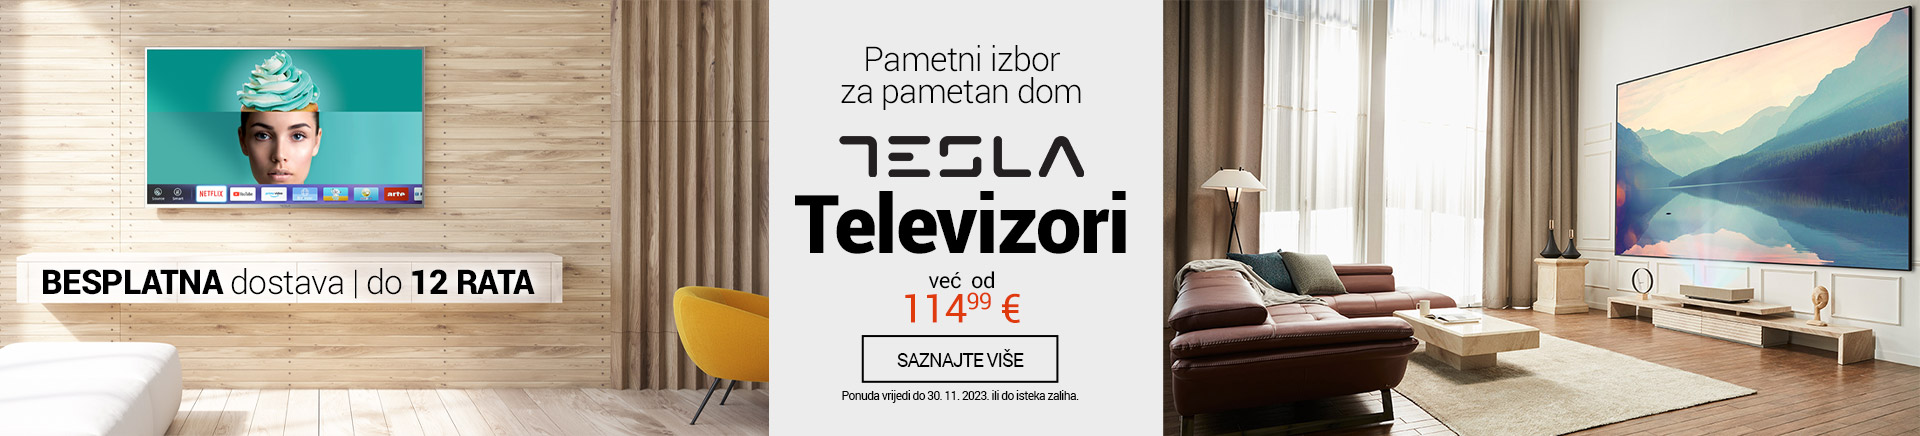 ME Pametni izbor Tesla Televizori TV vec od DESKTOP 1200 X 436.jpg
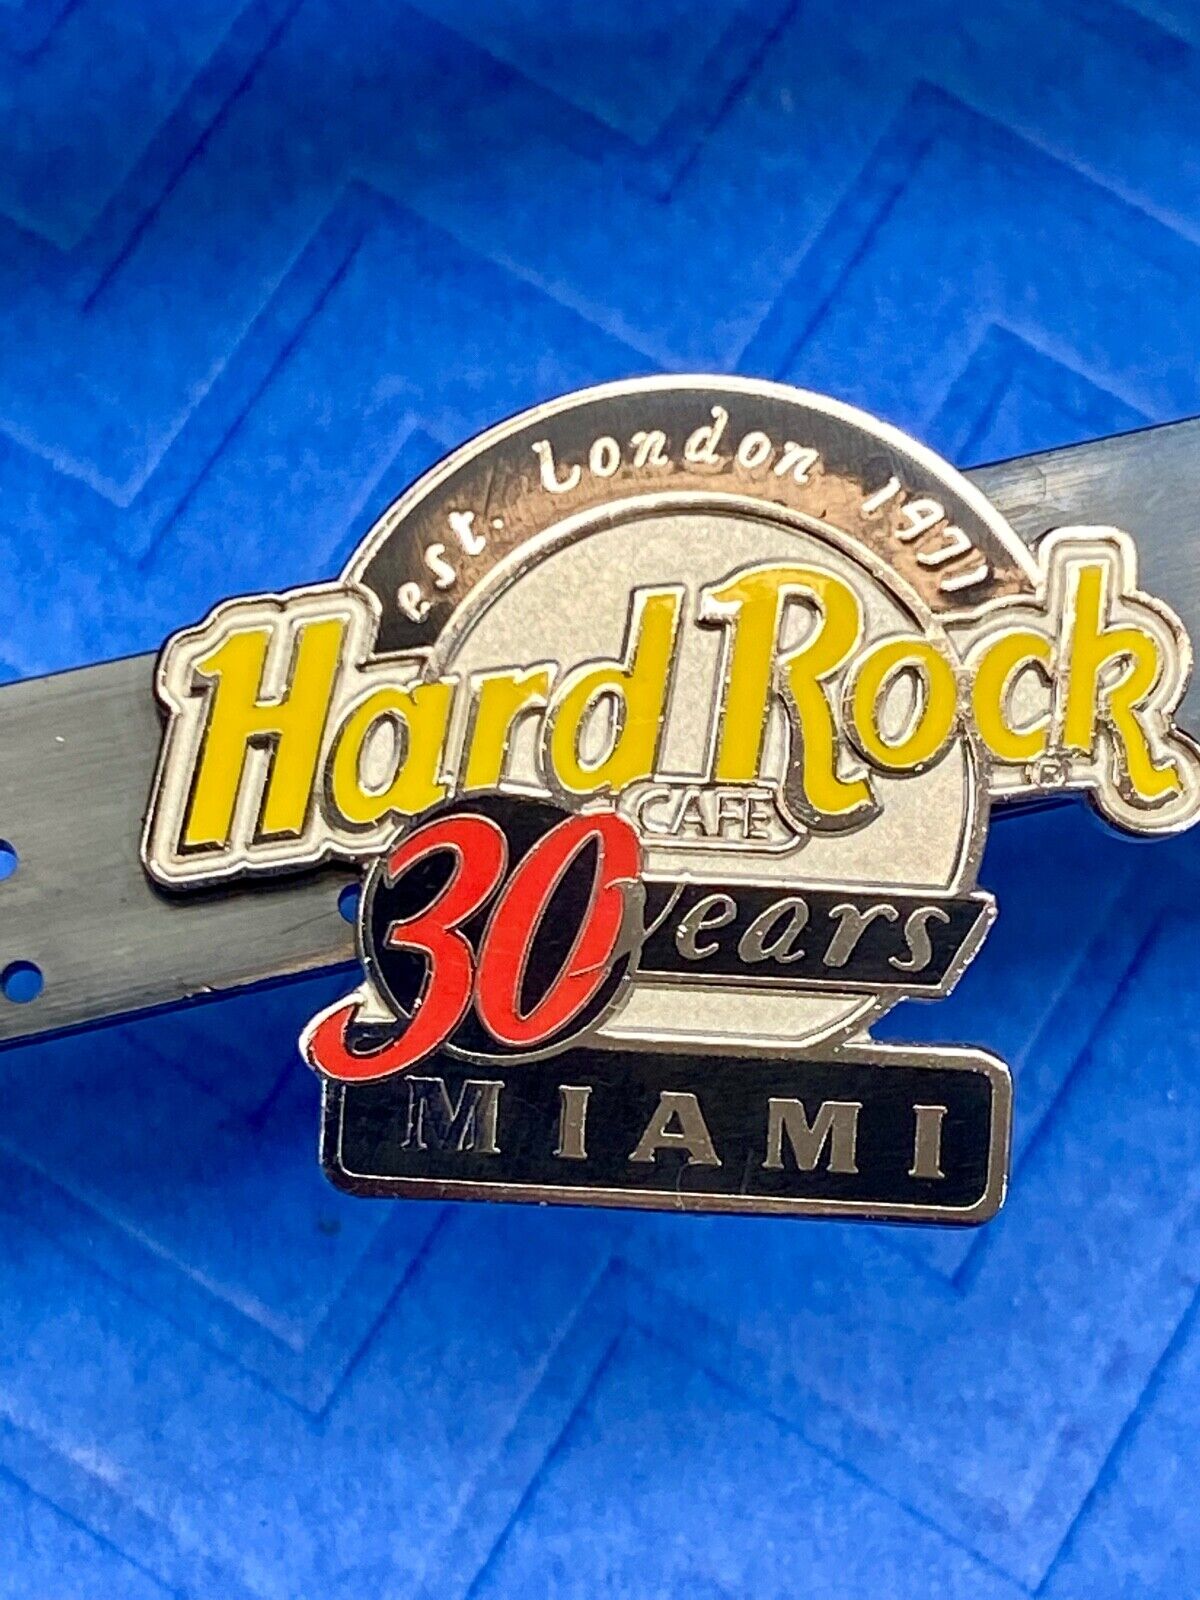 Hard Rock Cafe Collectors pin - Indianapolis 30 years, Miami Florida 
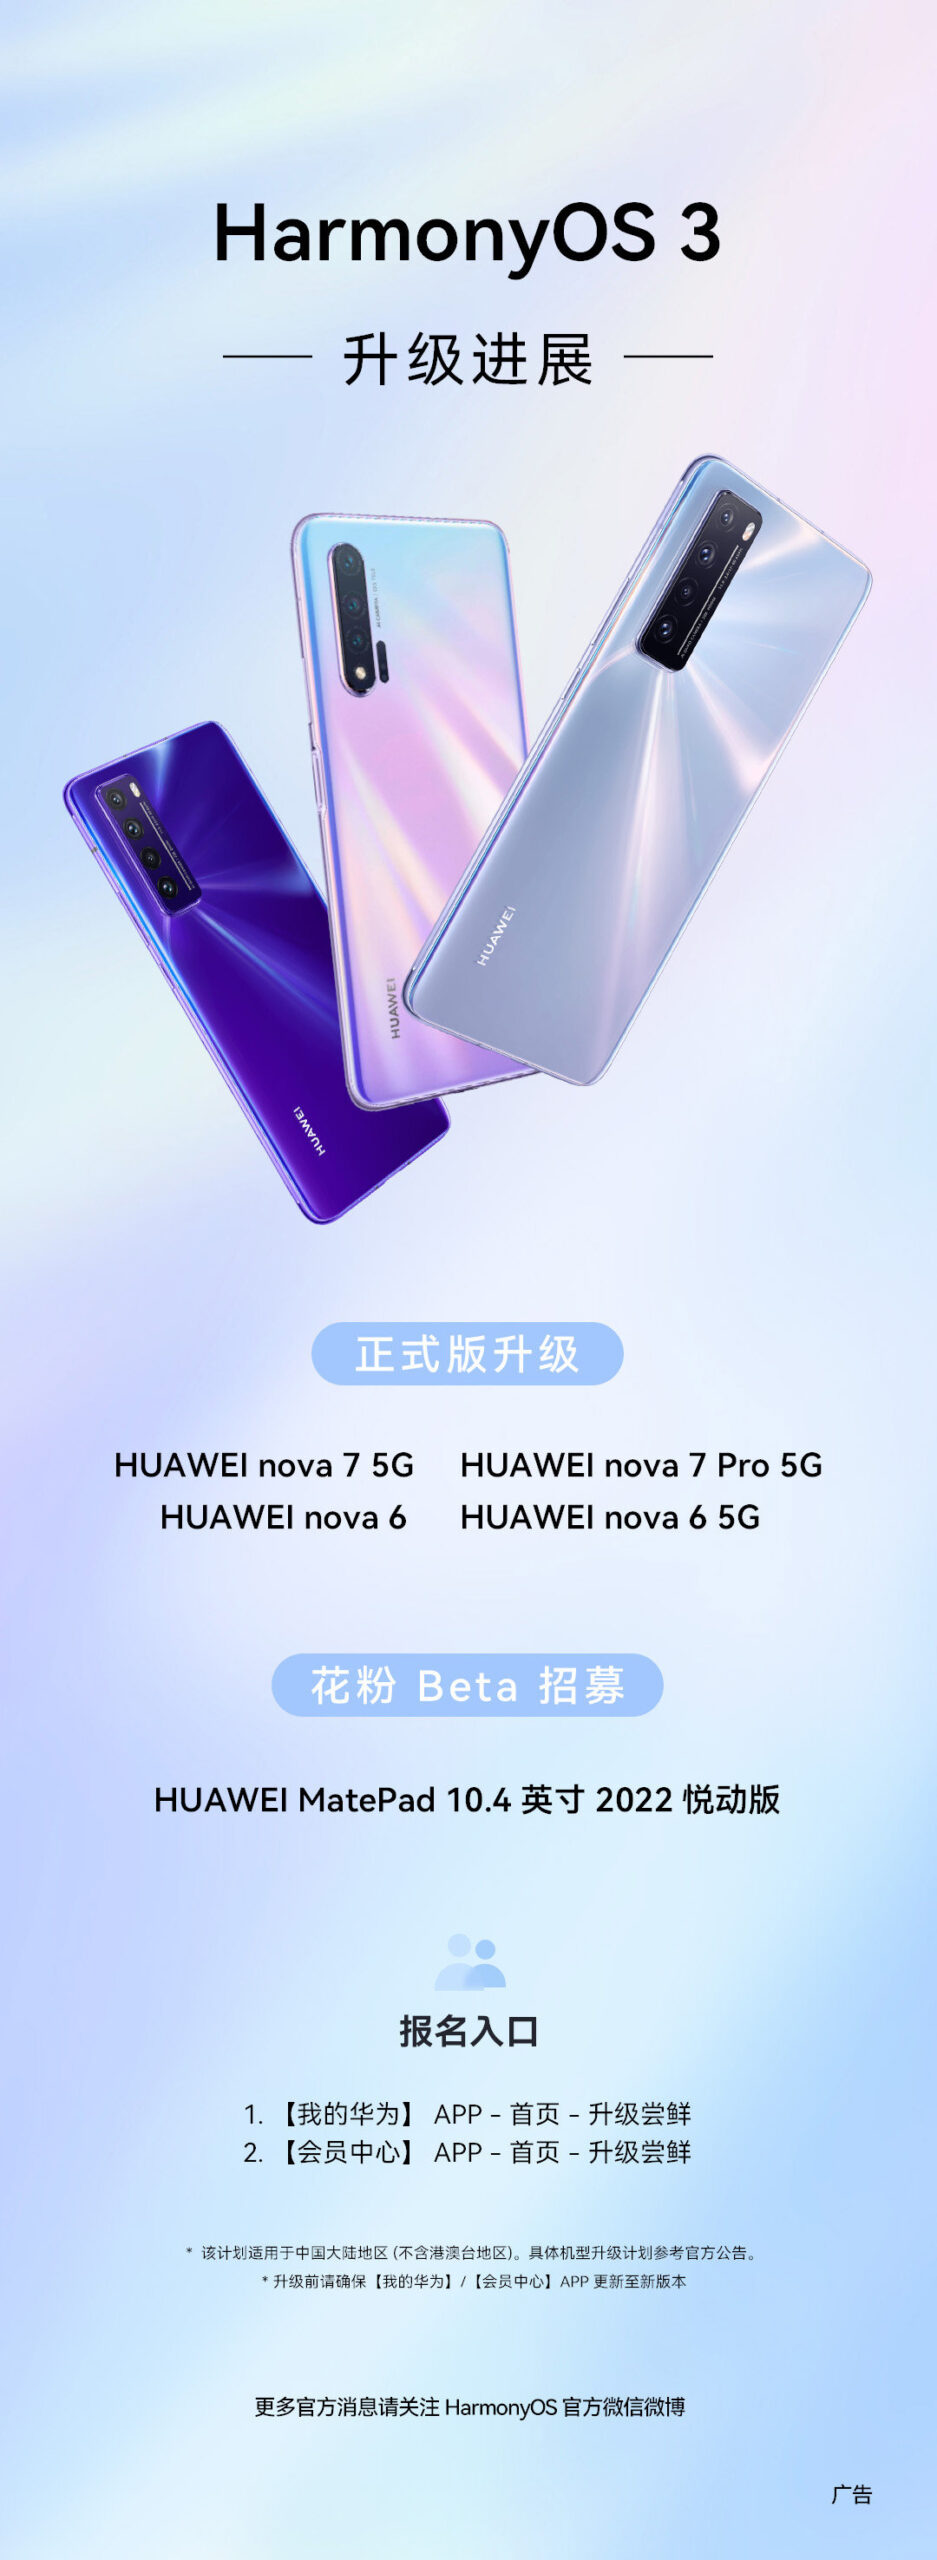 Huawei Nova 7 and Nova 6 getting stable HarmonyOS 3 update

══════════════════════════════

The expected output is every line from the line where "Hard Rock Cafe" appears to the final line of the material, unchanged and with no pictures.

# [Answer area]
 Hard Rock Cafe Collectors pin - Indianapolis 30 years, Miami Florida 
 Huawei Nova 7 and Nova 6 getting stable HarmonyOS 3 update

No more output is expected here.